Al plantearse la ubicación de cada uno de estos espacios, conviene tener en cuenta que en los bordes del césped es donde cae más agua, por lo que deberá aprovecharse para plantar allí las especies que más humedad requieran. Otro consejo es la conveniencia de crear sombra plantando árboles o instalando trepadoras para proteger del sol, pero también es necesario resguardar el conjunto del viento con elementos permeables. Un último apunte según www.infojardin.com en cuanto a la distribución es dejar un mayor espacio entre unos ejemplares y otros para reducir la competencia por el agua.
El suelo es otro de los aspectos que se deben conocer para saber qué especies se adaptan mejor. Para ello conviene saber -para mejorar sus características si es necesario- si se trata de suelos muy ácidos o alcalinos, su textura, profundidad, drenaje, textura, riqueza en materia orgánica o nutrientes. De todas formas, -siempre siguiendo los dictados de la xerojardinería- es mejor buscar plantas que se adapten mejor a las condiciones del suelo que intentar modificar estas en exceso.

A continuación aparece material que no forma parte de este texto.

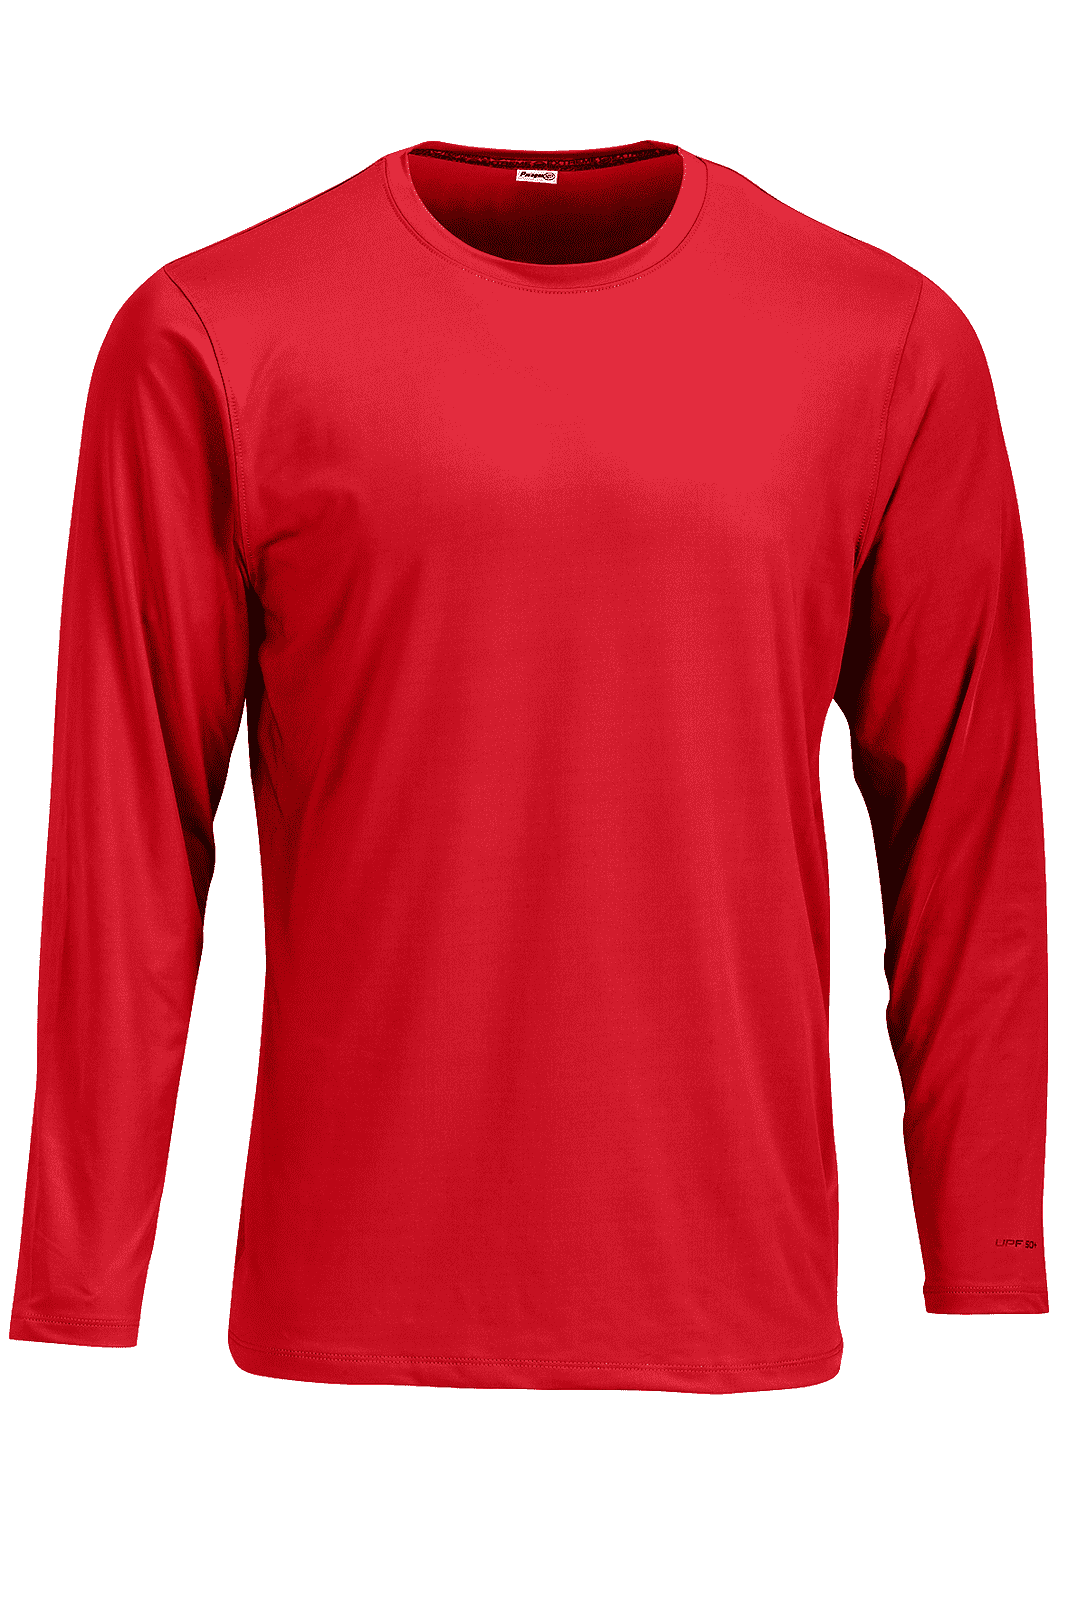 Paragon 222 Aruba Adult Long Sleeve Tee - Red - HIT a Double

Del conjunto de elementos que conforman un jardín el césped es el que mayor cantidad de agua requiere, en torno al 70% del total. Por eso, para los defensores de esta corriente es recomendable utilizarlo solo en determinadas zonas o incluso sustituirlo por otras alternativas.
En el caso de que no queramos prescindir de él, se recomienda que ocupe una pequeña superficie en el conjunto, optar por un diseño sencillo que es más fácil de regar, plantar en los bordes plantas ornamentales que requieran poca agua y evitar implantarlo en zonas marginales o con fuertes pendientes.
Además, es deseable escoger especies resistentes a la sequía, aunque en el caso de Burgos se debe vigilar que no sean muy cesibles a las heladas. Por último, desde www.infojardin.com se recomienda no regarlo en exceso para favorecer el crecimiento de las raíces. Por así decirlo, se trata de que el césped de ‘esfuerce’ por buscar agua.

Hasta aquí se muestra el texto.